My point about latency is that you may be serving both traditional-web-application and websocket/autobahn interfaces for the same application. I understand that you could do this a different way, but keeping all your services the same can really simplify deployment pipelines, and it's definitely something that Twisted works hard to make possible, and Autobahn specifically allows for.

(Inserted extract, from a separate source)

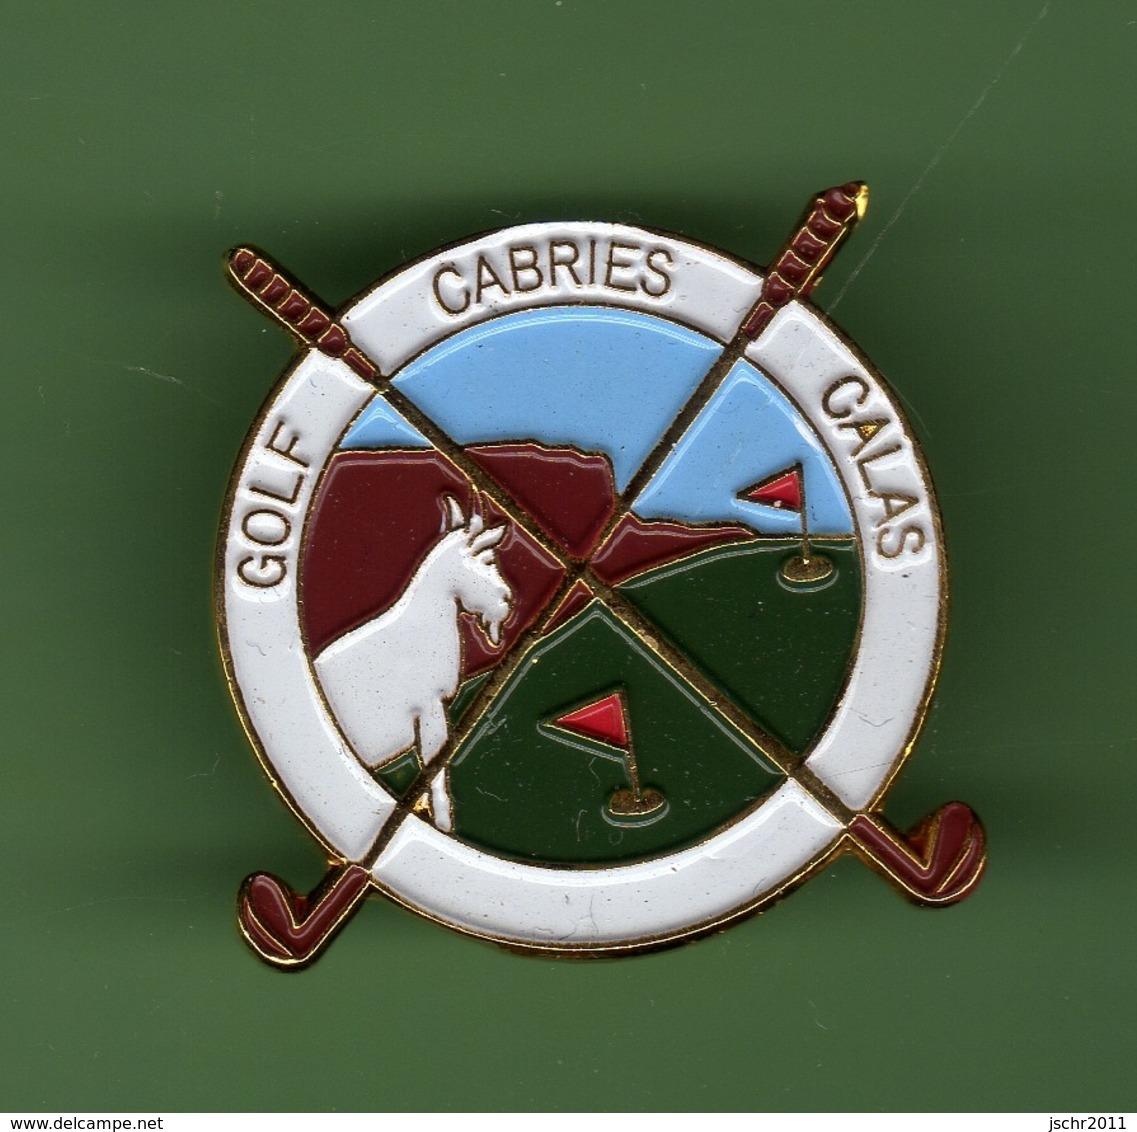 GOLF *** CABRIES-CALAS ***  2004 (80-2) - Golf

But, as @Lukasa explained - there's no overhead beyond the initial TLS handshake for websocket connections anyway, since wss:// clients won't advertise an ability to speak HTTP/2.

[oberstet]

Alright, here is an update:

• The WebSocketResource should have been fixed for current Twisted with Fix WebSocketResource on 16.3.0 #705 - This provides support for Twisted Web being in charge (sitting on the listening endpoint), and Autobahn being switched over to for WebSocket - via WebSocketResource
• Crossbar.io now has UniSocketServerProtocol https://github.com/crossbario/crossbar/blob/master/crossbar/router/unisocket.py - This provides support for having a single listening WAMP endpoint for routers in Crossbar.io that can talk WAMP over RawSocket and WebSocket, while at the same time serving Twisted Web resource trees. This is using the other approach: Autobahn listening, and then switching over to Twisted Web.

I think supporting both directions for integration between Twisted and Autobahn like in above is a good approach and should cover most users needs in this area.

Of course, both features internally use "hacks" (unsupported, non-official "API" in Twisted) - and we should use official Twisted machinery once it is there. For now, "it works" ..

I close this now - if there are still open aspects, please come up, we can reopen should there be any.